(The task)
Everything in the data except the pictures belongs in your answer, copied exactly.

(The data)
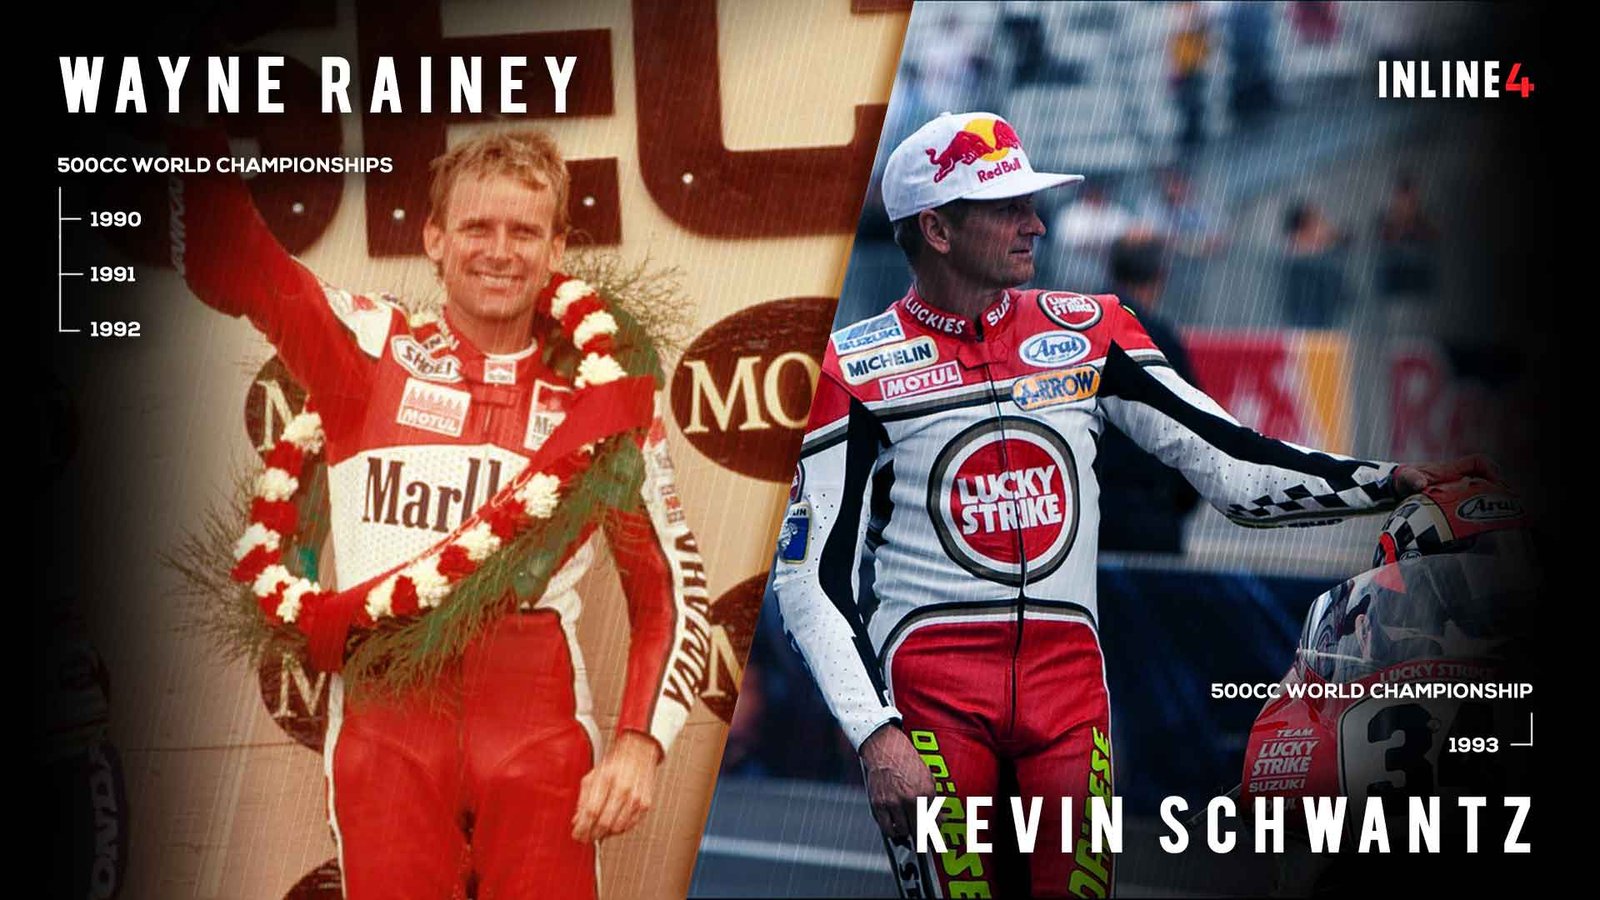 #waynerainey #kevinshwantz #legends #rivalry #race
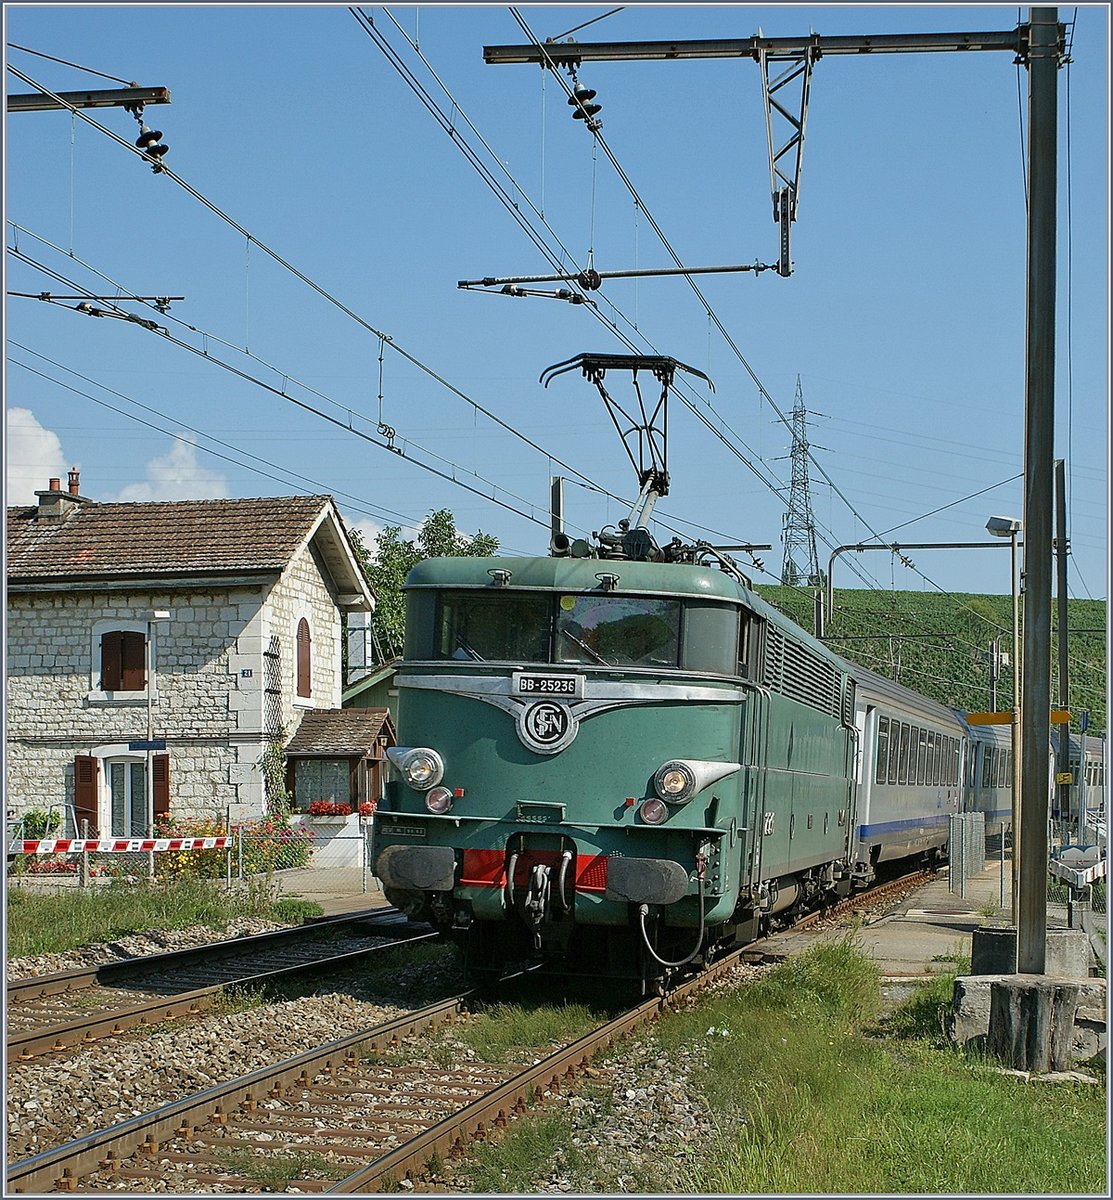 Fr mich das Highlight heute: die olivgrne BB 25 236 mit dem TER 96576 von Genve nach Lyon bei der Durchfahrt in Russin. 
(27. August 2009)
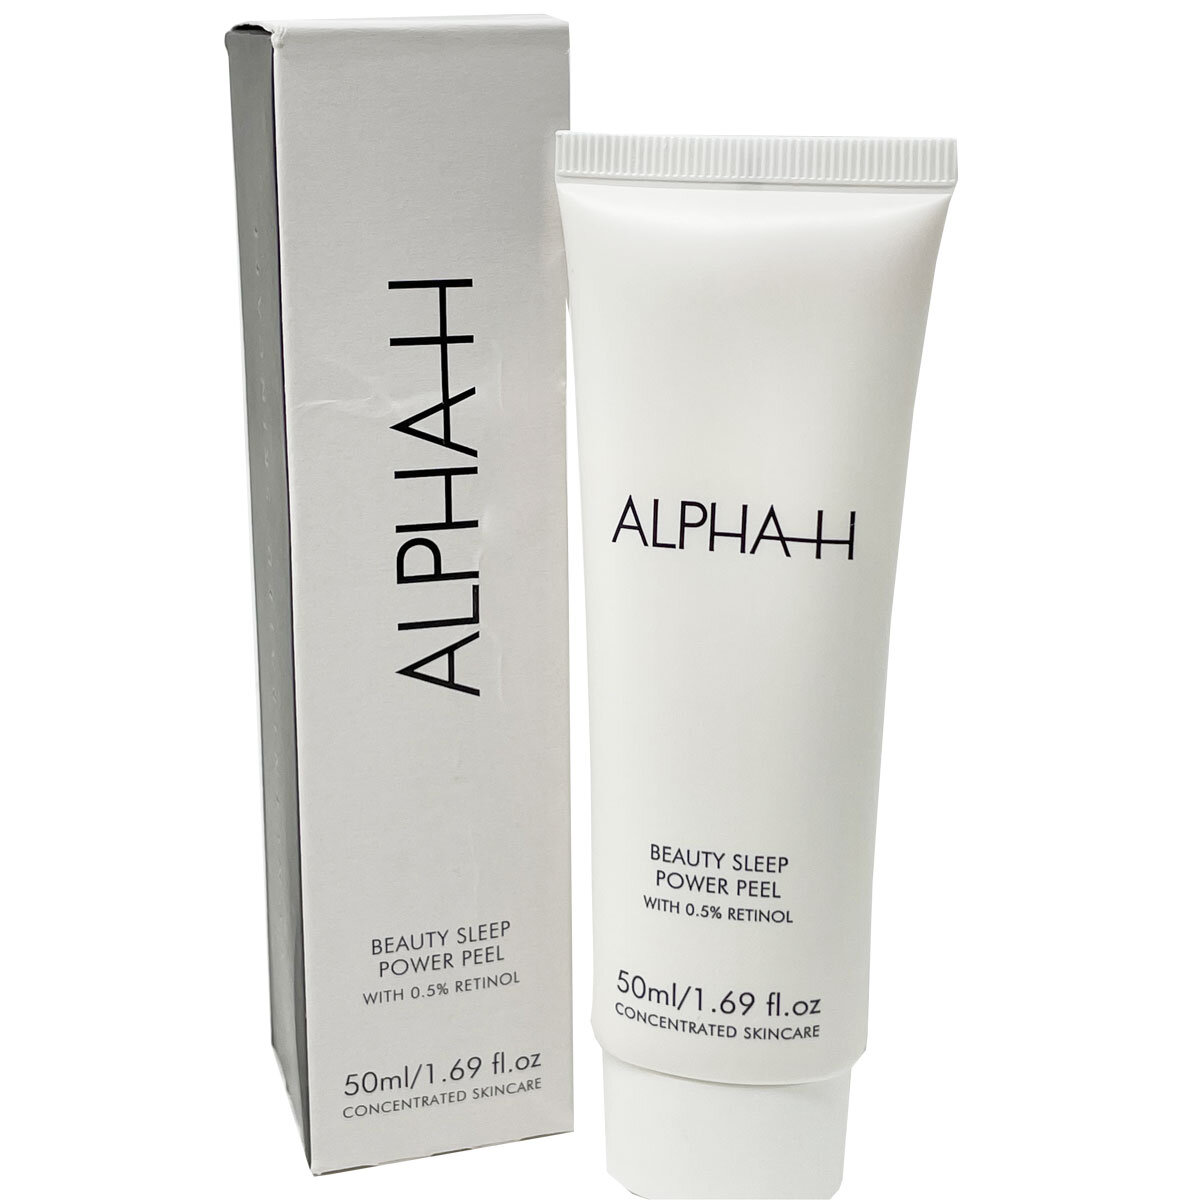 Alpha-H Beauty Sleep Power Peel, 50ml

(Reply)
 #waynerainey #kevinshwantz #legends #rivalry #race
 Fr mich das Highlight heute: die olivgrne BB 25 236 mit dem TER 96576 von Genve nach Lyon bei der Durchfahrt in Russin. 
(27. August 2009)
 Alpha-H Beauty Sleep Power Peel, 50ml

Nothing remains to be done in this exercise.